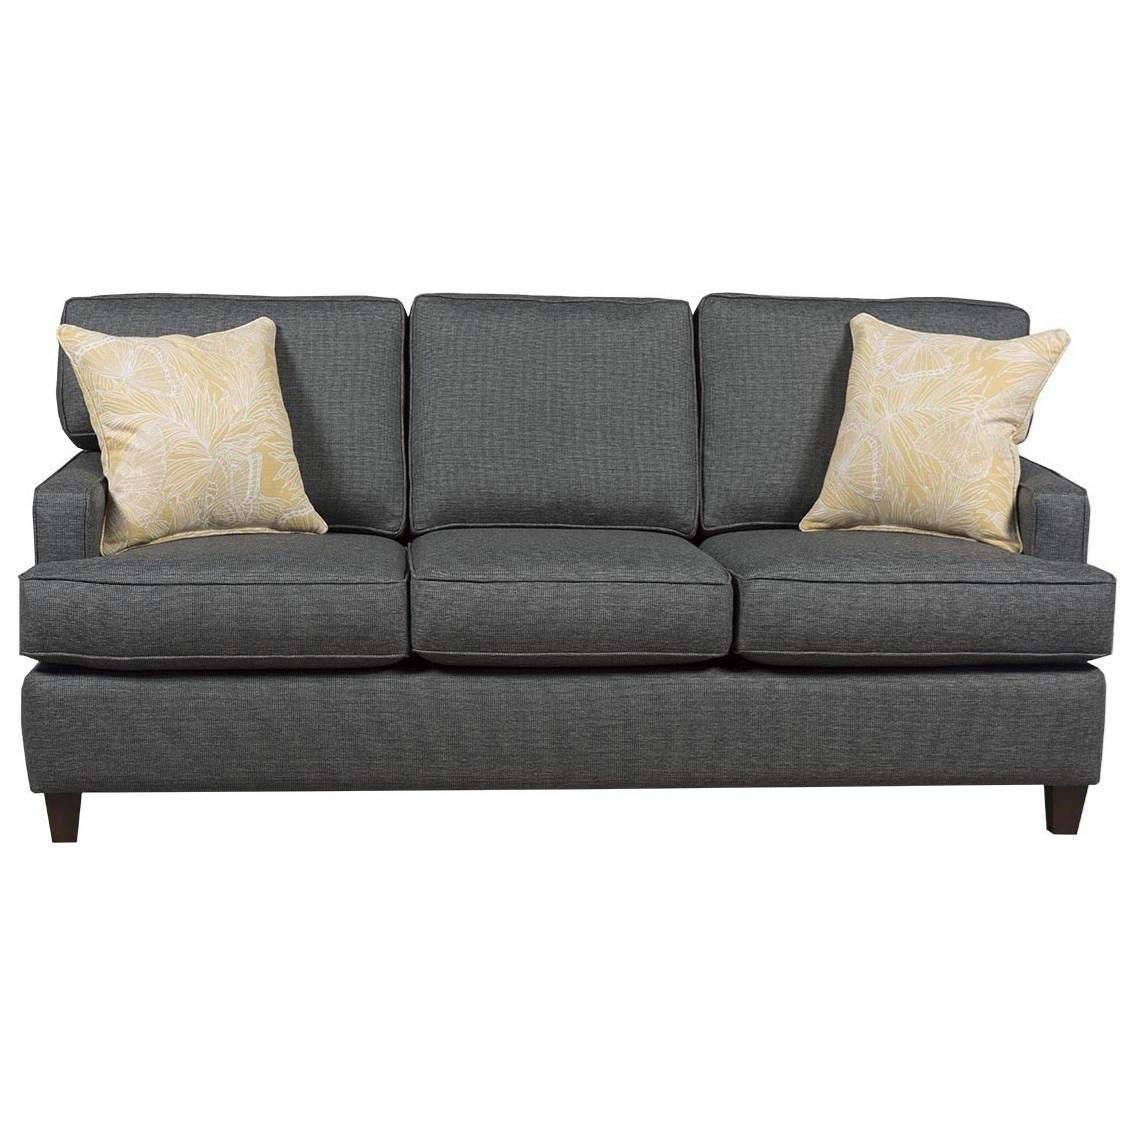 162 Sofa by Capris Furniture at Baer's Furniture
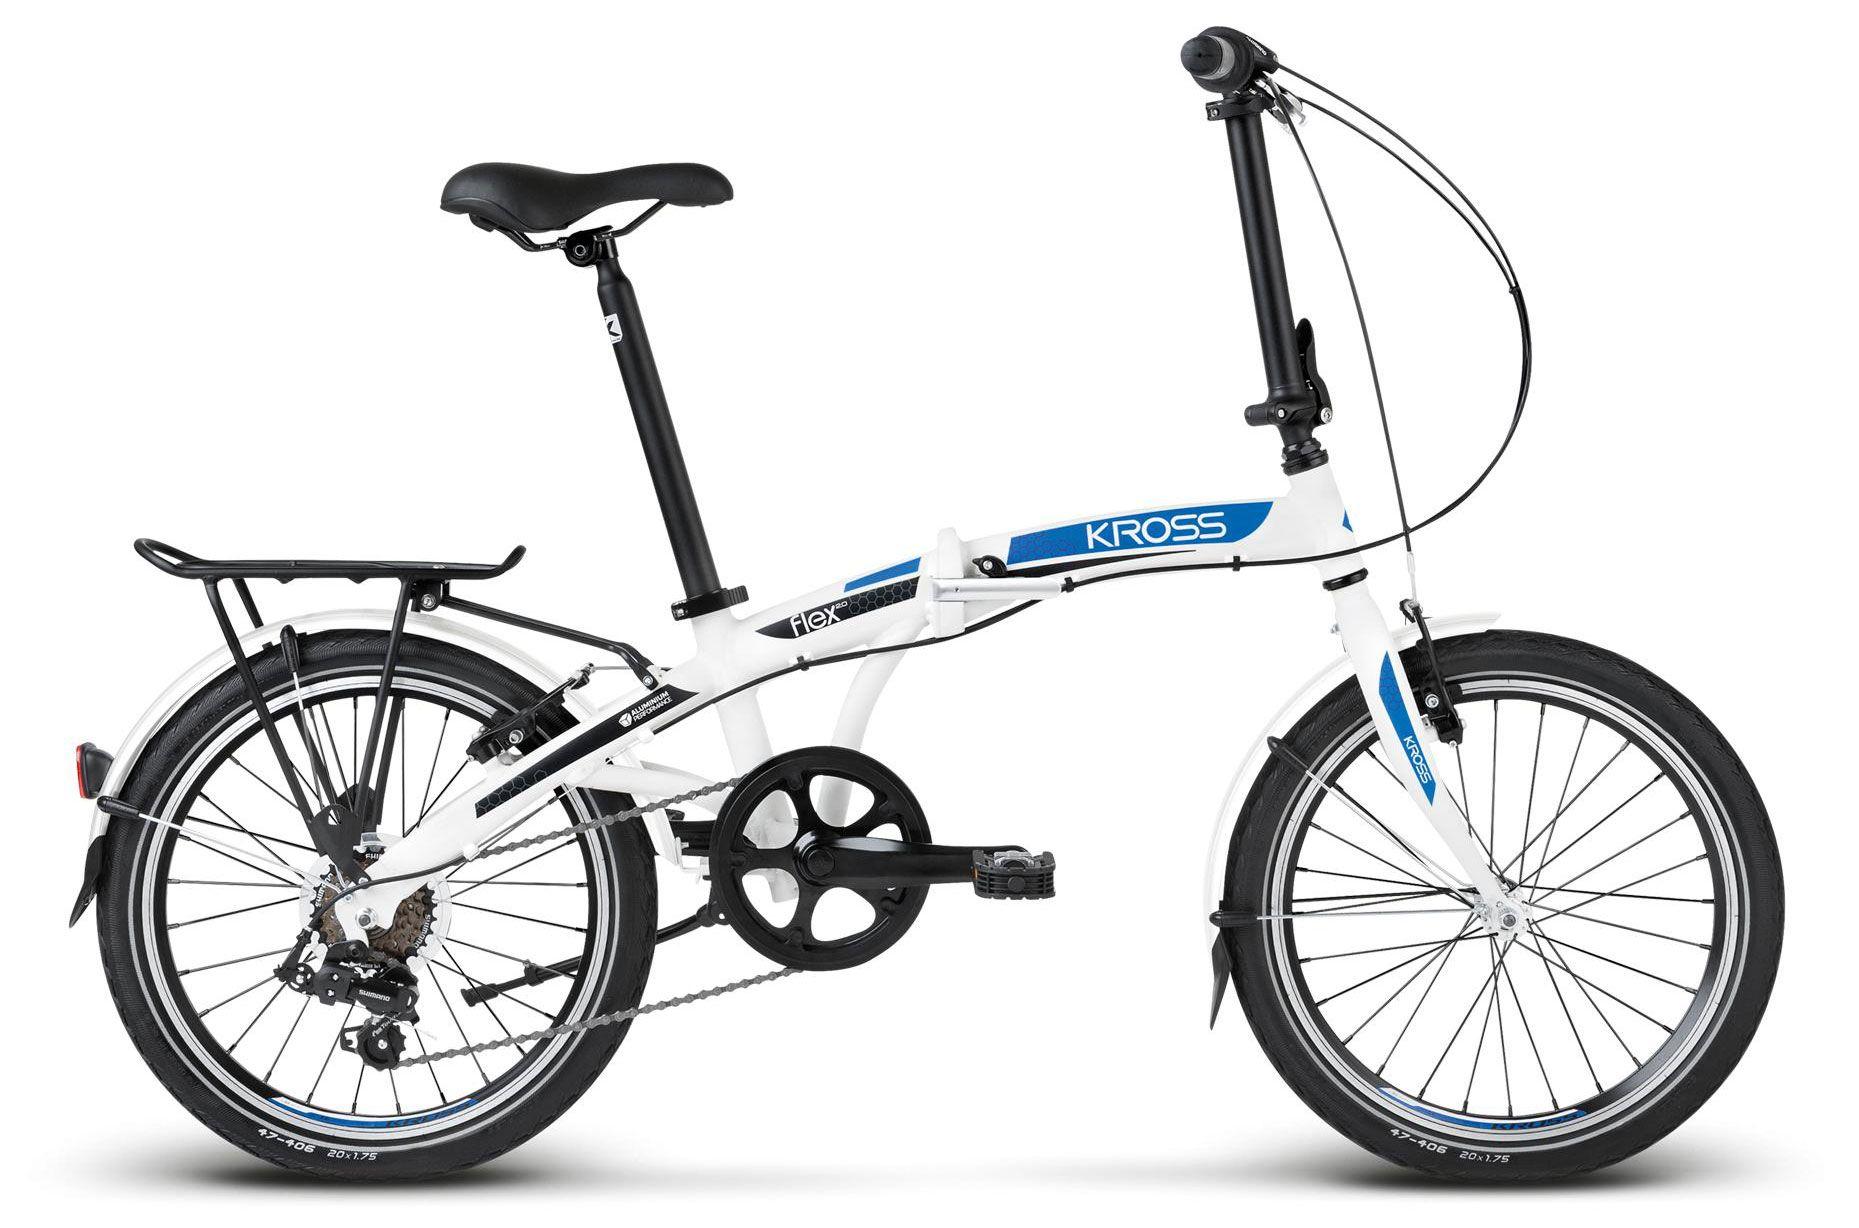 Велосипед KROSS FLEX 2.0 2017 велосипед kross flex 3 0 2015
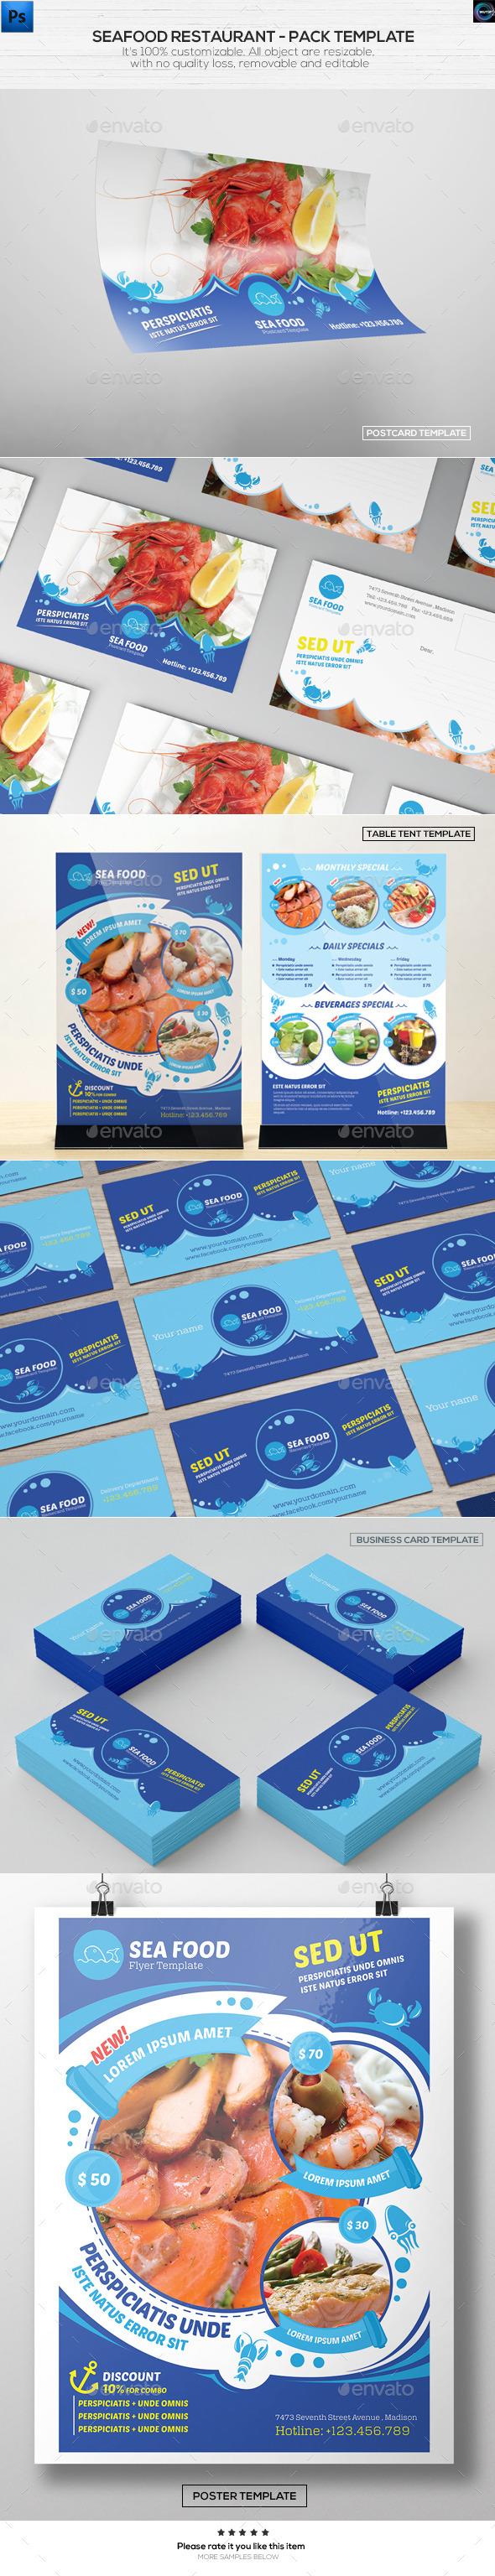 Seafood Restaurant - Pack Template - Food Menus Print Templates

* * * * * * * * *

Reproduce the listing exactly, images omitted.

*Finished exercise*:
 162 Sofa by Capris Furniture at Baer's Furniture
 Велосипед KROSS FLEX 2.0 2017 велосипед kross flex 3 0 2015
 Seafood Restaurant - Pack Template - Food Menus Print Templates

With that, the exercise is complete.